Ten Actions You Can Take To Mobilize Your Workforce around Your Business Strategy - Part 3

3. Engaged in What?

Our position is that it’s not enough to get employees engaged. When we work with executives who tell us they want their employees to be more engaged, we respond by asking, “Engaged in WHAT?” For example:

Scenario 1
The Situation:
An engineer is highly engaged in the current project he is working on. He puts in long hours and lots of discretionary effort and really enjoys the work. Sounds good, right?

The Problem:
The project he is working on is his pet project which has little to no strategic value to the company.

Scenario 2
The Situation:
A sales representative has good relationships with his customers and is passionate about his products. What could be better?

The Problem:
The products he is passionate about are the old products and he is hesitant to sell the new products that take the firm in a more strategic direction. The customers with whom he has relationships are long-term “friends” but he is hesitant to be proactive about establishing new relationships with customers in more strategic segments.

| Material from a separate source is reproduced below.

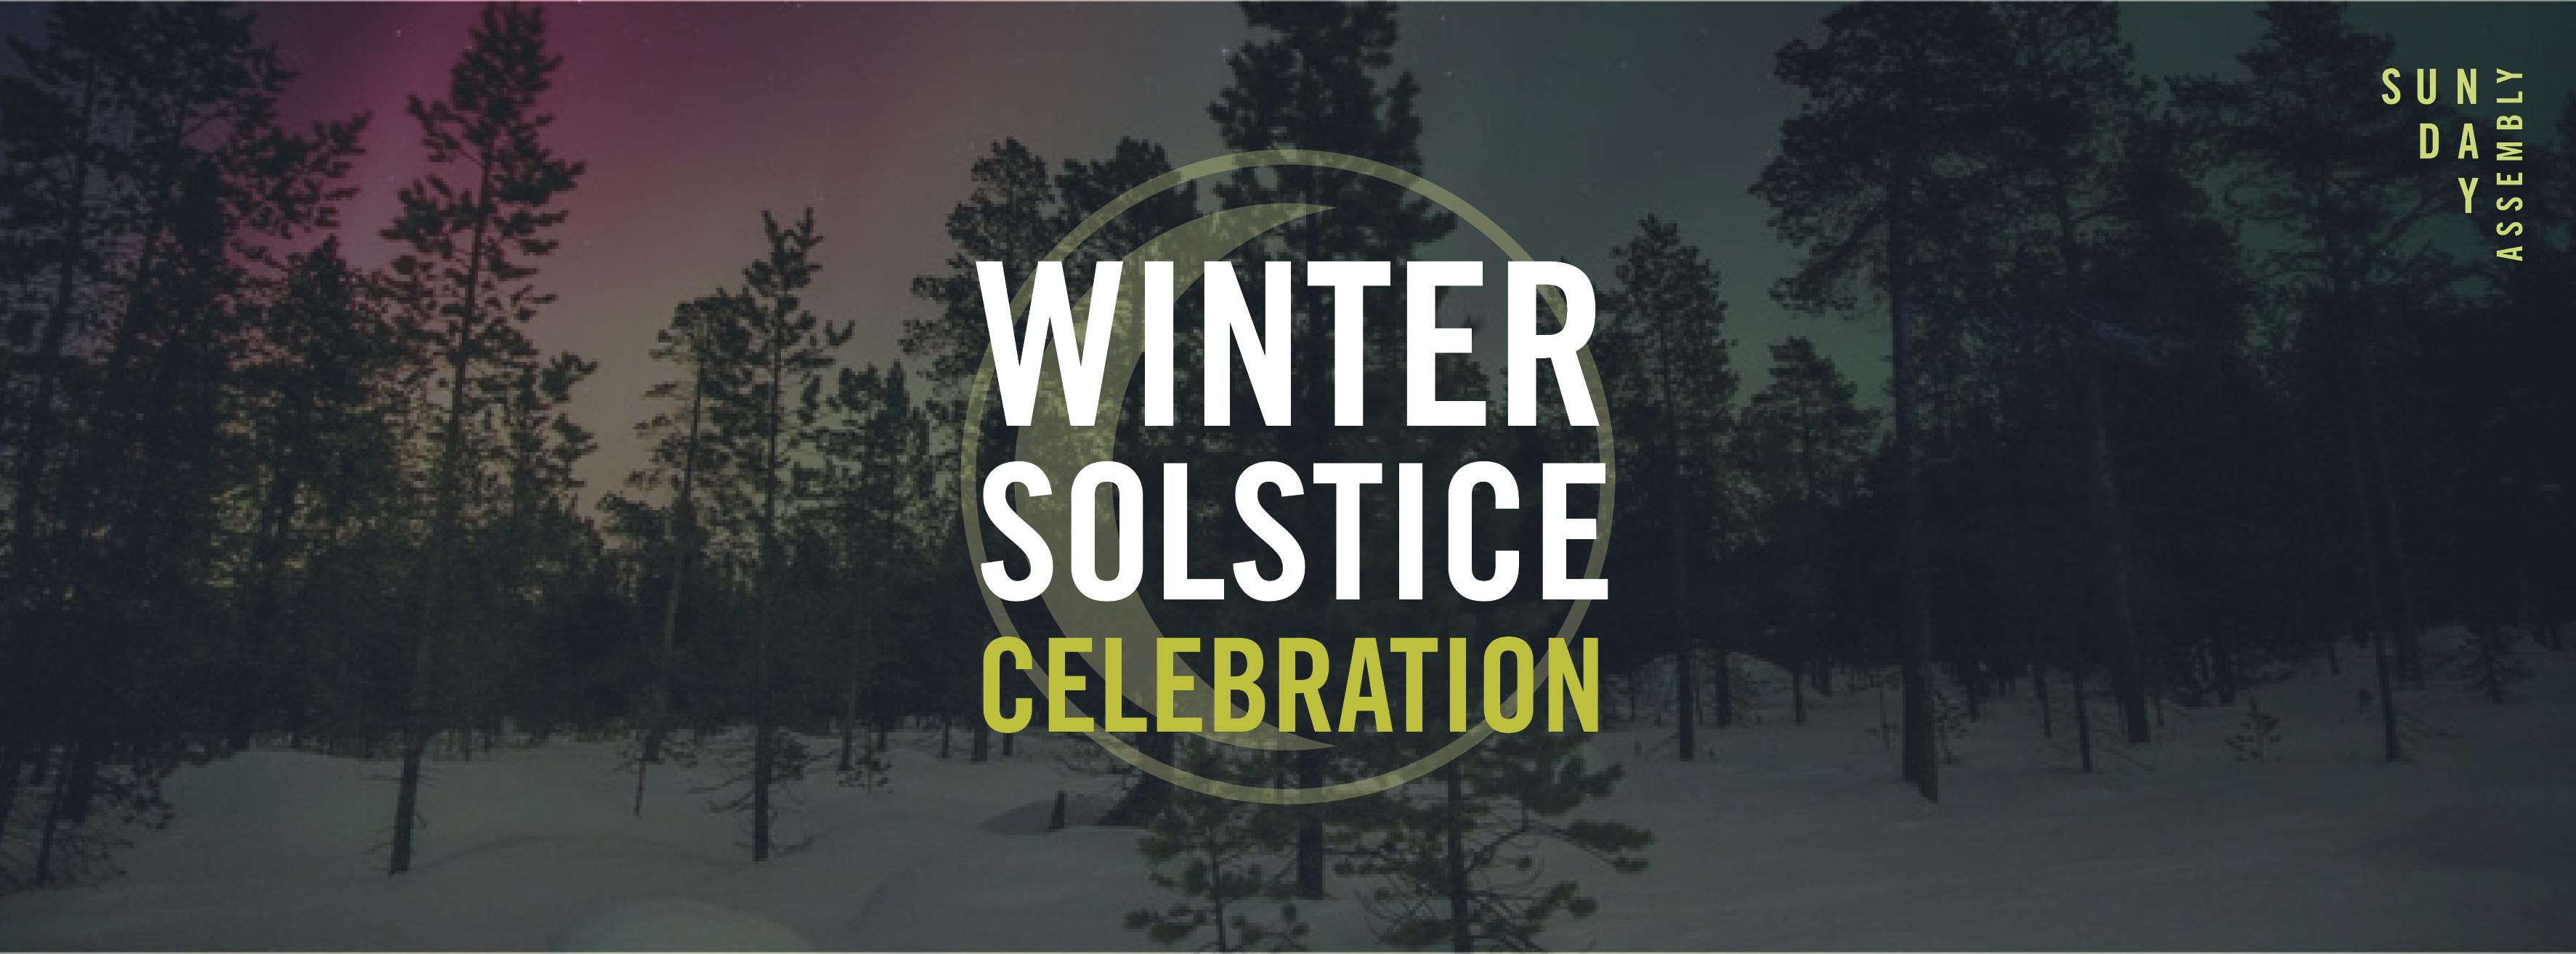 solstice2019_image.jpg

These examples make it clear that being engaged alone is simply not sufficient. The type of engagement depicted in these scenarios is what we call “aimless engagement.” Employees are engaged, but their focus has little to do with the strategic imperatives of the business.

Organizations instead need to manufacture what we call “aligned engagement.” Aligned engagement ensures that the workforce is engaged in the strategic priorities of the organization. An organization’s strategic priorities include its:

  • New business objectives and revised work processes
  • Strategic change initiatives
  • Competitive strategy
  • Customer segmentation approaches
  • New sales strategies
  • New products and/or pricing
  • Increasing innovation
  • Enterprise system implementations
  • Reorganizations and acquisitions
  • Providing unparalleled levels of customer service
When an organization focuses on aligned engagement, initiatives are fueled by the power of a mobilized workforce that is engaged in the realization of critical strategic drivers. 

For us, getting employees engaged means aligning your workforce around your critical business objectives.


 #1 –Don’t Focus on “Aimless Engagement” Efforts: Ensure that whatever training, communication, and organizational initiatives you undertake are not generic, off-the-shelf engagement solutions. Instead, focus on building an engagement plan around your own most critical strategic imperatives.